One typical reaction example is the oxidation of (S)-(−)-2-methyl-1-butanol to (S)-(+)-2-methylbutanal: 4-Methoxyphenethyl alcohol is oxidized to the corresponding carboxylic acid in a system of catalytic TEMPO and sodium hypochlorite and a stoichiometric amount of sodium chlorite.
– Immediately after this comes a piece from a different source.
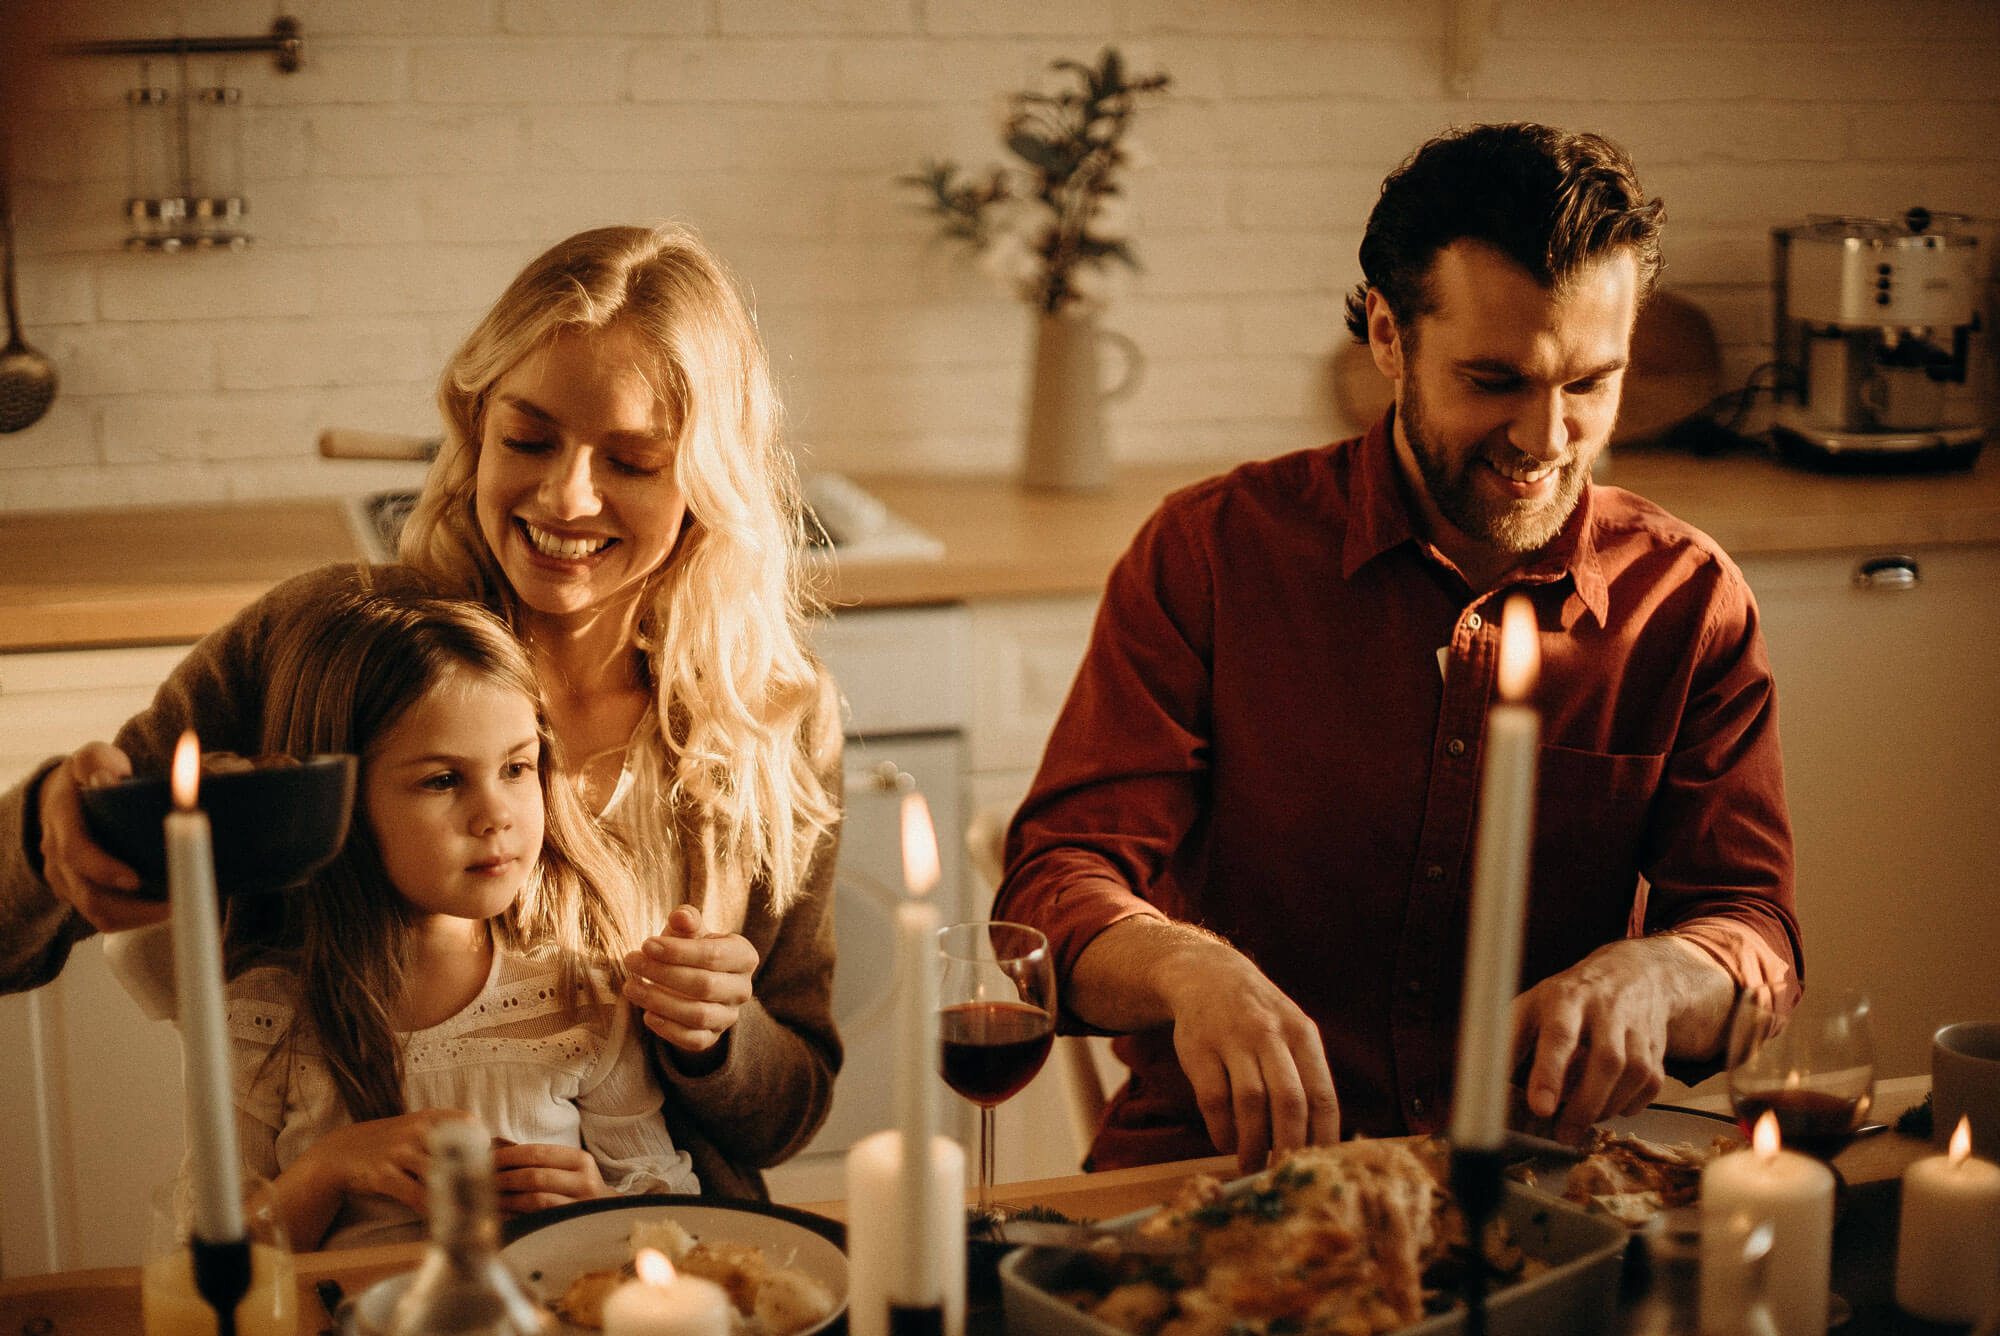 A family sitting at a table enjoying a holiday meal. There are candles lit on the table. A man and woman are smiling and a little girl is looking at the table of food in wonderment.
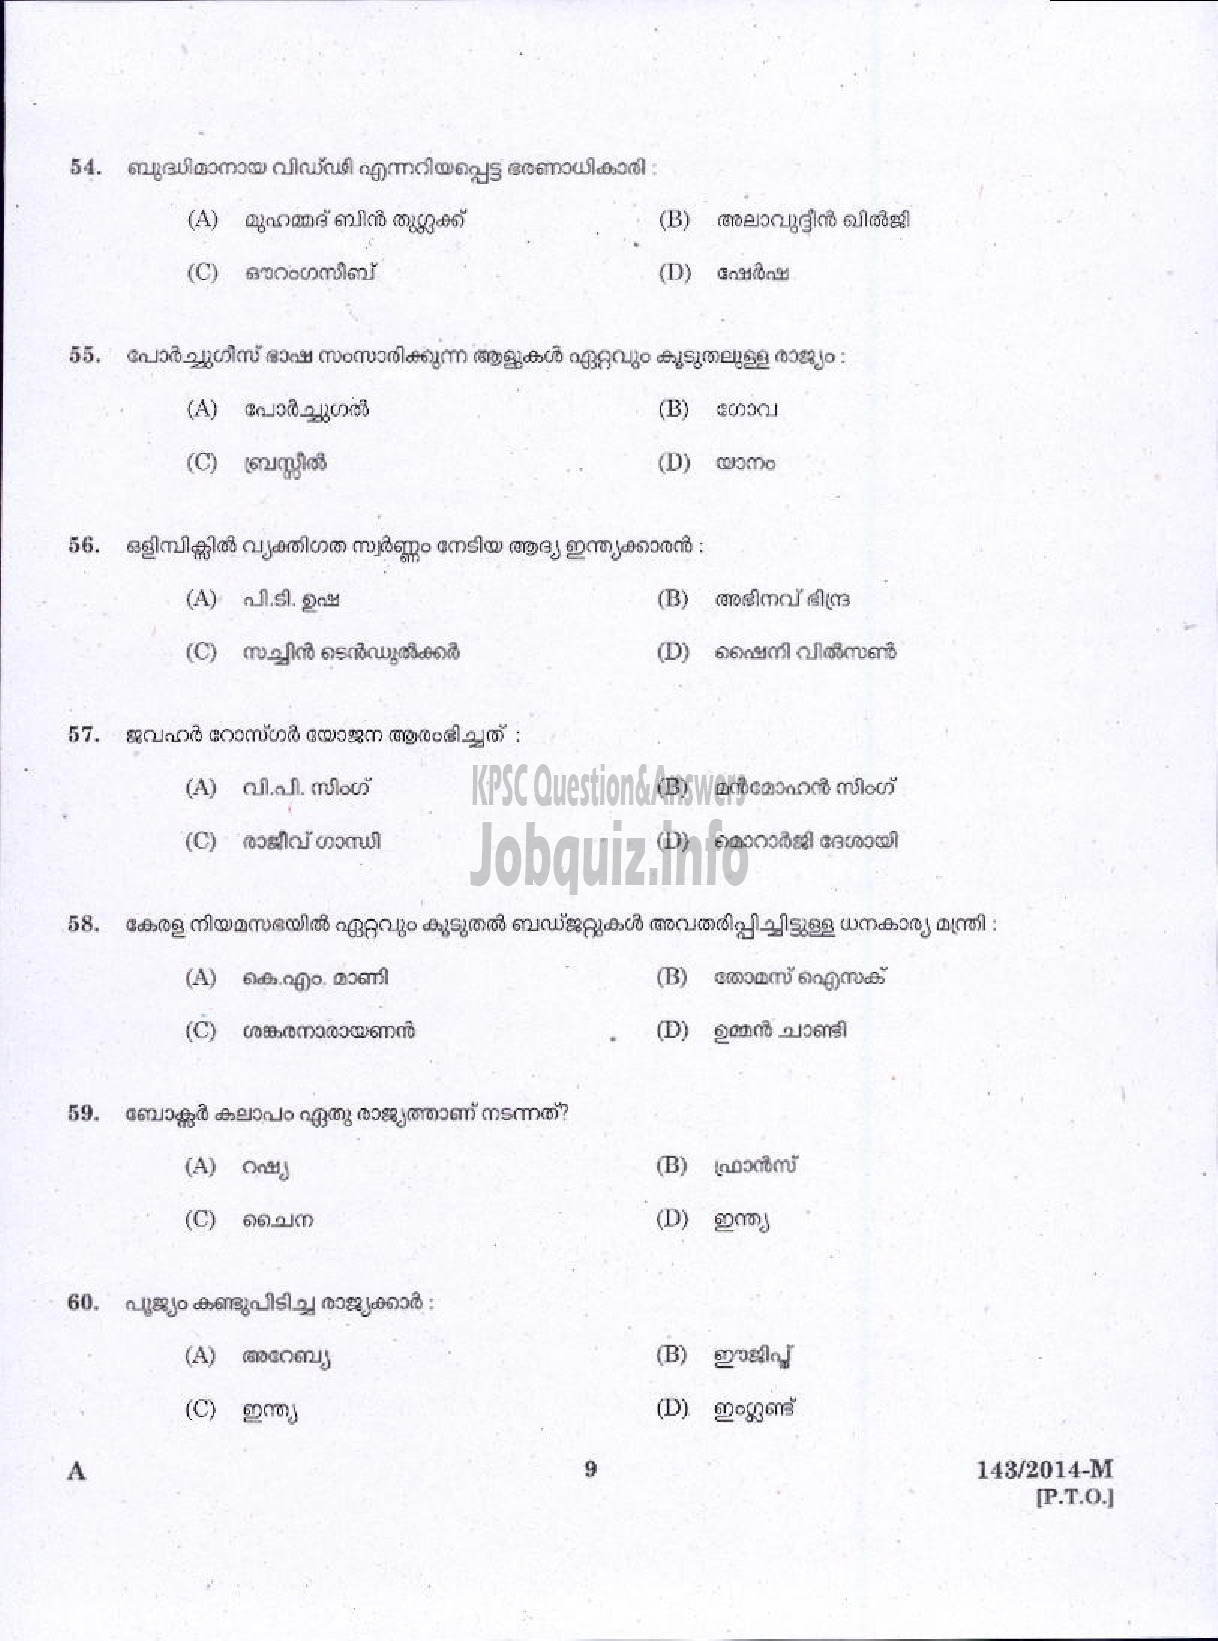 Kerala PSC Question Paper - WOMEN POLICE CONSTABLE APB POLICE MALE WARDER JAIL TSR AND KNR UNIT ( Malayalam ) -7

TEMPO oxidations also exhibit chemoselectivity, being inert towards secondary alcohols, but the reagent will convert aldehydes to carboxylic acids.
The oxidation of TEMPO can be highly selective. In basic conditions, TEMPO oxidizes primary alcohols before secondary alcohols. But in acid, secondary alcohols provide an H− ion more easily, and oxidize first instead.